WHAT YOU SHOULD DO: Transcribe the whole listing exactly, but do not carry over its pictures.

DATA SECTION:
- Opening Delimiter -

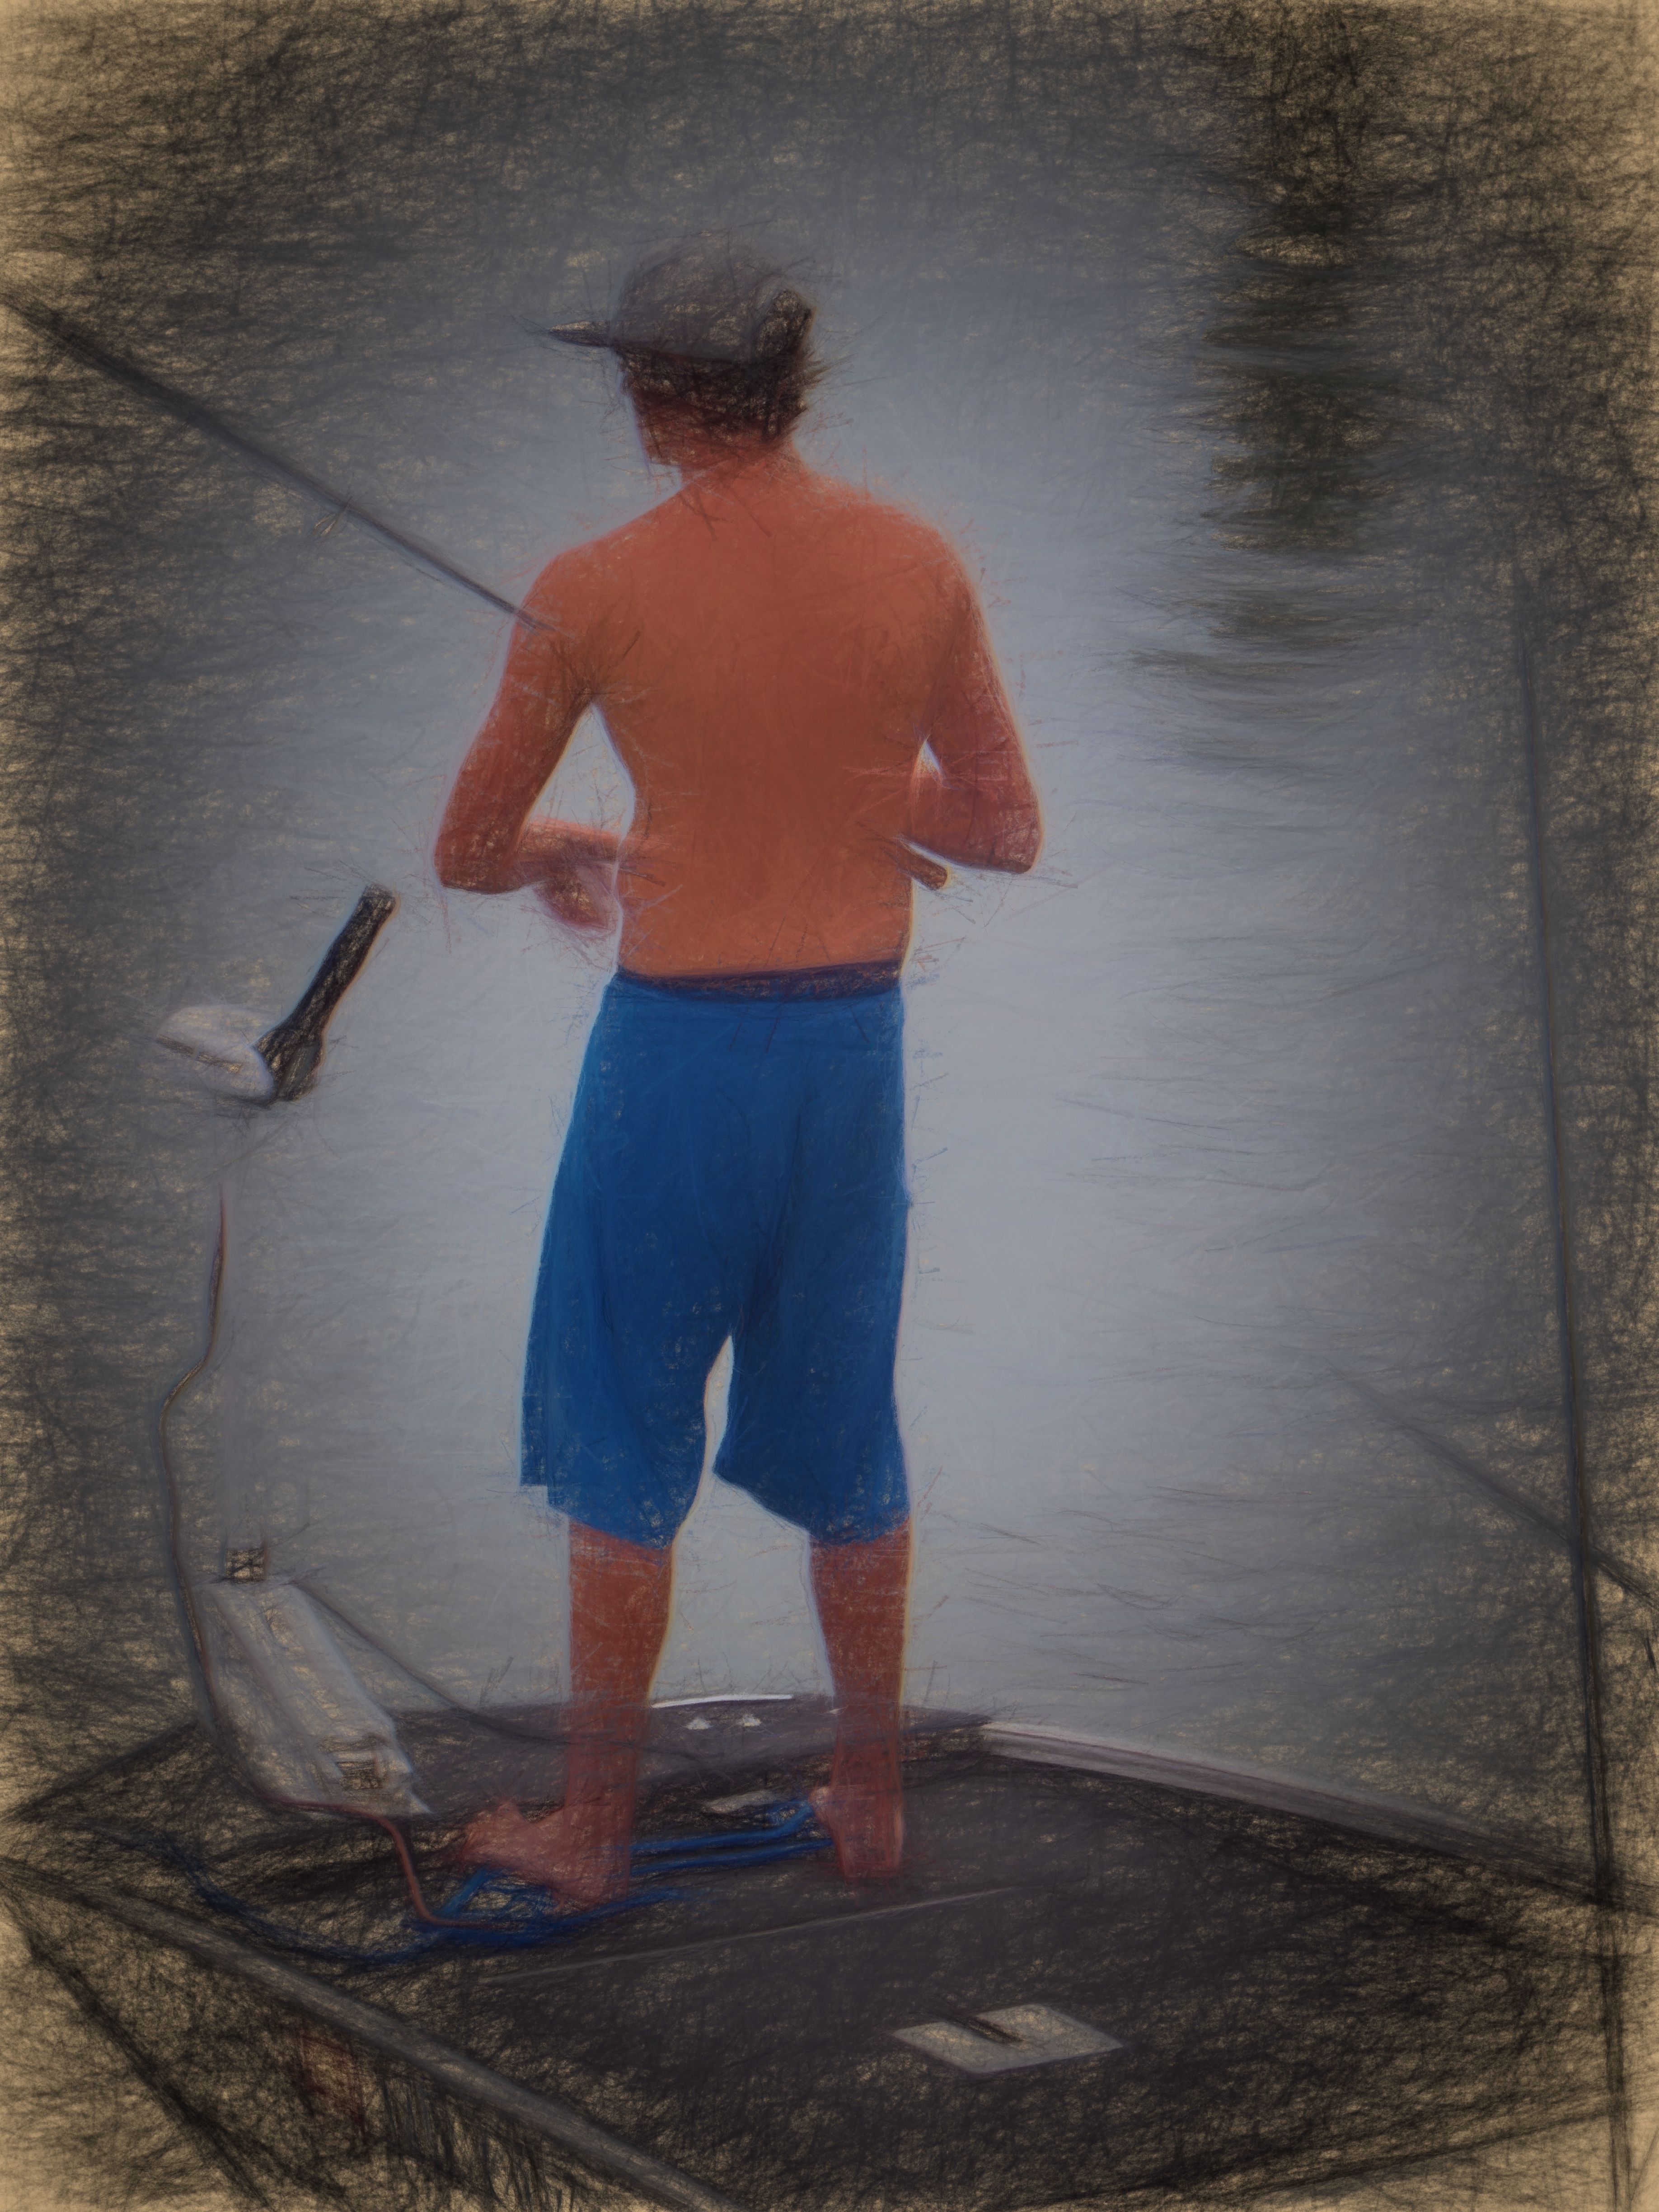 fishing boy
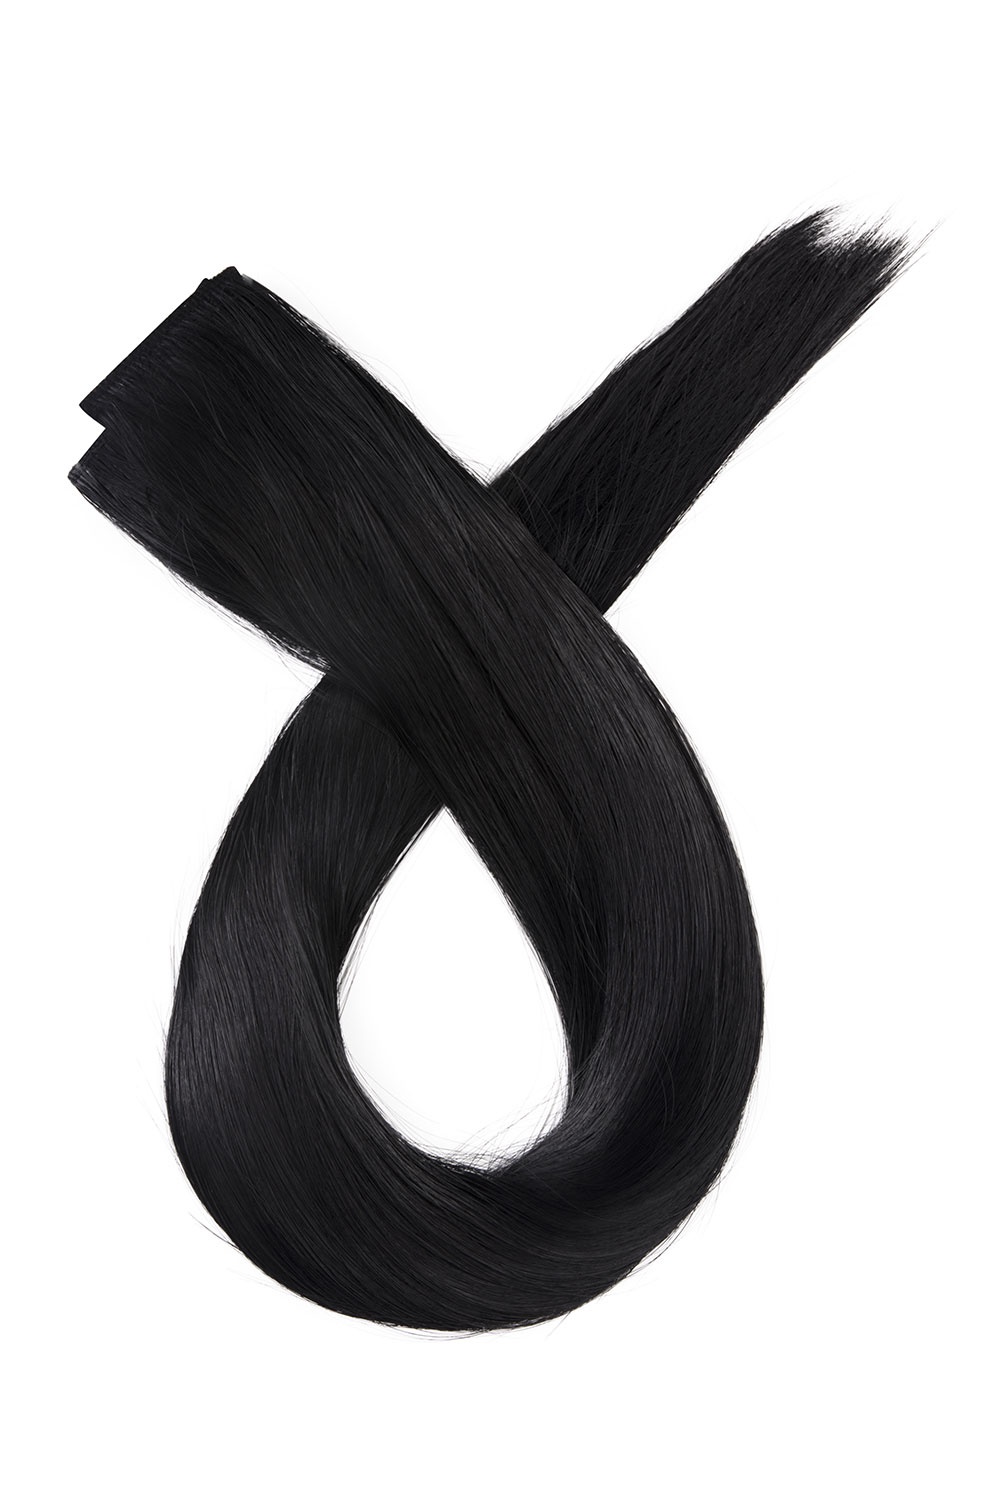 Čierne jednopásové vlasy, rovné, 50cm, 115g, farba 1
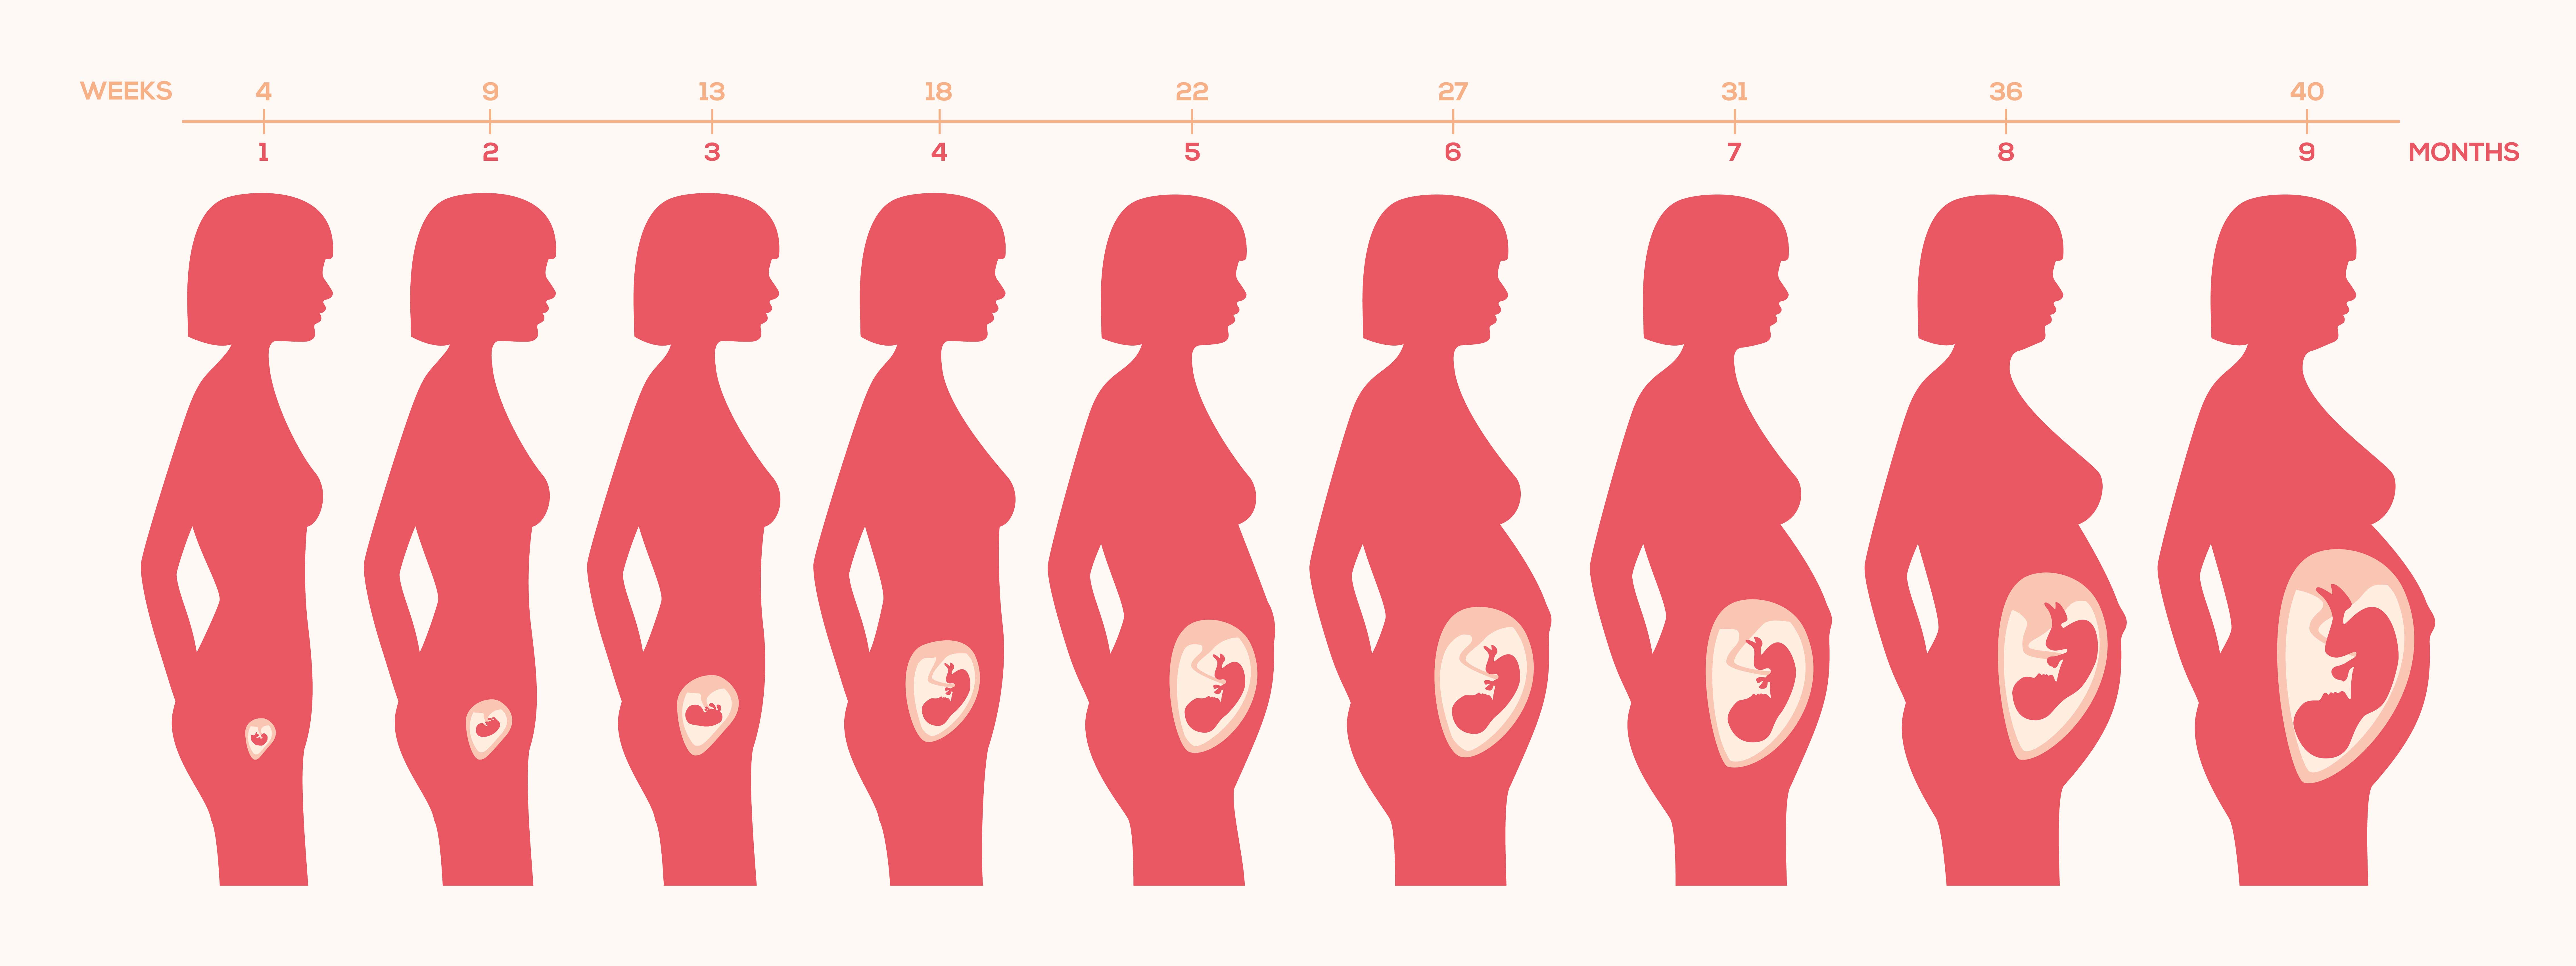 etapas embarazo meses

- Closing Delimiter -

EXERCISE RESPONSE:
 fishing boy
 Čierne jednopásové vlasy, rovné, 50cm, 115g, farba 1
 etapas embarazo meses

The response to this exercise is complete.